Equity-Linked Savings Schemes (ELSS) and Unit-Linked Insurance Plans (ULIP) are popular tax-efficient investment choices in India. There are, however, some significant differences between the two.

ELSS funds are tax saving mutual funds that invest largely in equity shares of publicly traded firms. These funds' returns are market-linked and generally tend to outperform fixed deposits and other fixed-income assets. The returns, however, are subject to market swings, and there is risk associated with this investment. 

ULIP vs ELSS: Which Tax Saving Investment Should You Go For?

In contrast, a ULIP is an insurance policy that also includes an investment component. The ULIP premium is invested in several fund alternatives, such as equity, debt, or a combination of the two. ULIPs also provide life insurance coverage, with the death benefit being the greater of the sum assured or the fund value. 

Let us look at the differences between ULIPs and ELSSs in more detail.

The Distinction Between

  • Tax Benefits

Equity-Linked Savings Schemes (ELSS) and Unit-Linked Insurance Plans (ULIP) provide tax advantages to investors. However, the advantages differ.

ELSS mutual funds provide tax benefits under Section 80C of the Income Tax Act. Furthermore, if their returns are above Rs 1 lakh, LTCG (Long Term Capital Gains) under ELSS is taxed at 10%. The returns below ₹1 lakh, on the other hand, are tax-free.

Similar to an ELSS, the premium paid for a ULIP is tax deductible (up to ₹1.5 lakh) under Section 80C of the Income Tax Act. The returns on ULIP investments are tax-free if the total annual premiums are below ₹2.5 lakh. If not, then the returns are subject to LTCG tax.

  • Charges

ELSS fund management fees are typically upto a maximum limit of 2.5% of assets under management (AUM) every year. Additional fees, such as fund administration fees, transaction fees, and exit load, may apply.

ULIP fees are often greater than ELSS fees. ULIPs are associated with a variety of charges, including premium allocation charges, fund management charges, mortality charges, and administration charges. These fees vary depending on the ULIP plan. However, they can amount to up to 20% of the premium in the first year and steadily drop in subsequent years.

  • The Liquidity and Lock-In Period

ELSS mutual funds have a three-year lock-in term during which the investor cannot withdraw the amount deposited. However, following the lock-in period, the investor can withdraw the invested cash or sell the units on the stock exchange.
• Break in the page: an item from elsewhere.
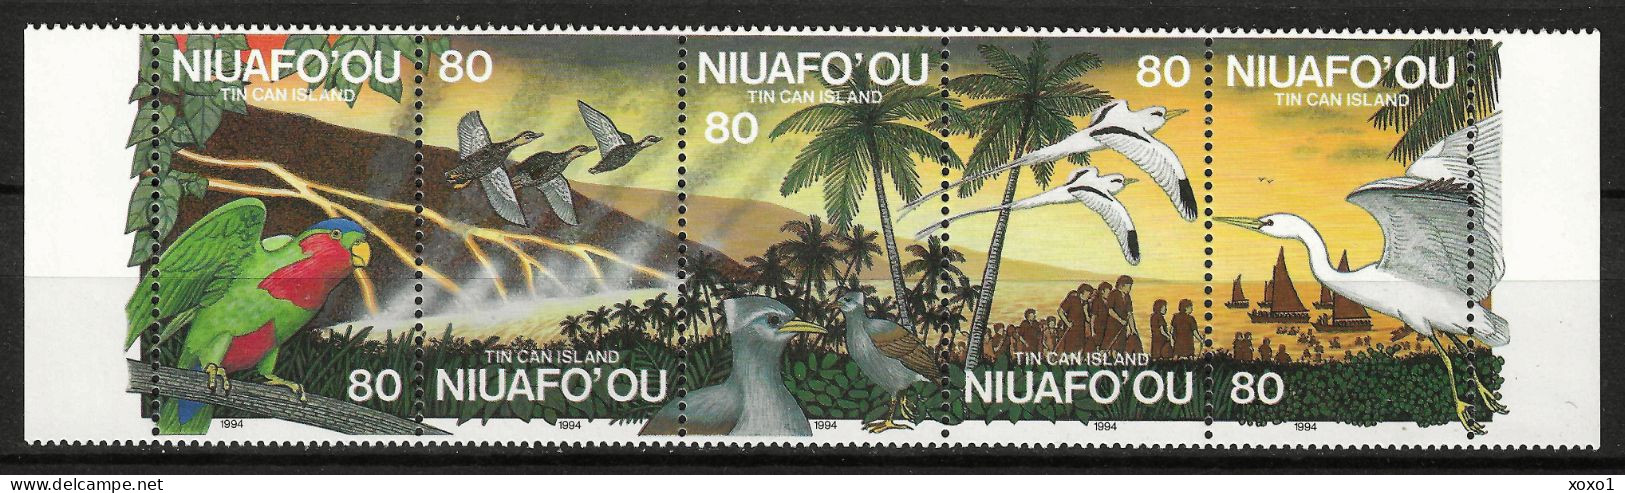 Niuafo'Ou 1994 MiNr. 269 - 273 Niuafo'ou-Insel Geology, Volcanos, Volcanic Eruption, Birds  5v MNH** 14,00 € - Vulkanen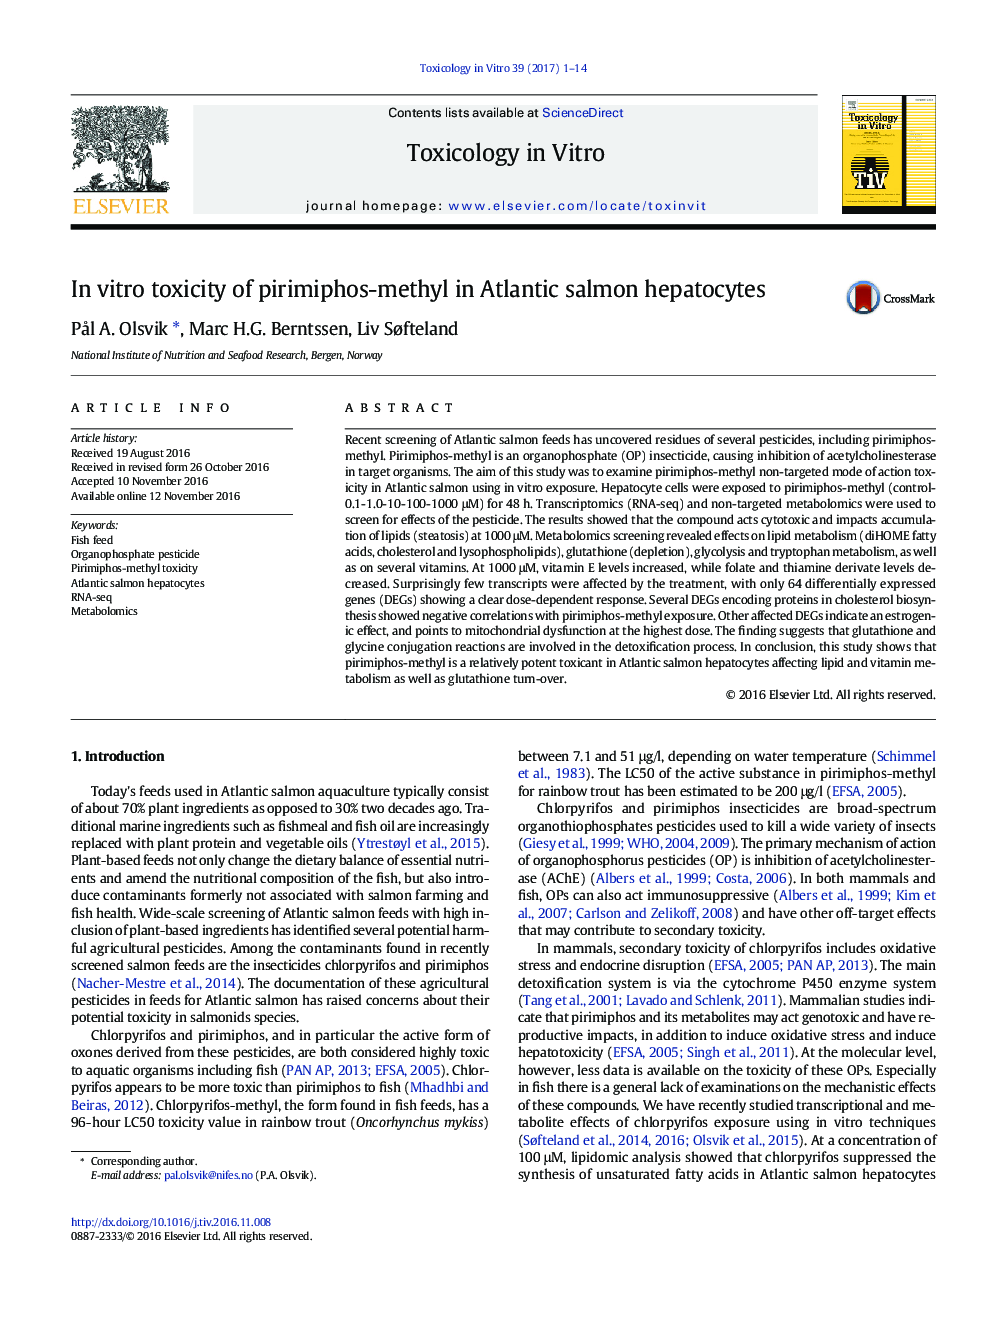 In vitro toxicity of pirimiphos-methyl in Atlantic salmon hepatocytes

ULIPs typically have a 5-year lock-in term during which the investor cannot withdraw the invested cash. However, following the lock-in period, the investor can withdraw the invested money or surrender the policy.

In terms of liquidity, ELSS mutual funds provide better options because they have a shorter lock-in period and can be sold on the stock exchange. ULIPs, on the other hand, have a longer lock-in period and require the investor to relinquish the policy in order to withdraw the invested amount.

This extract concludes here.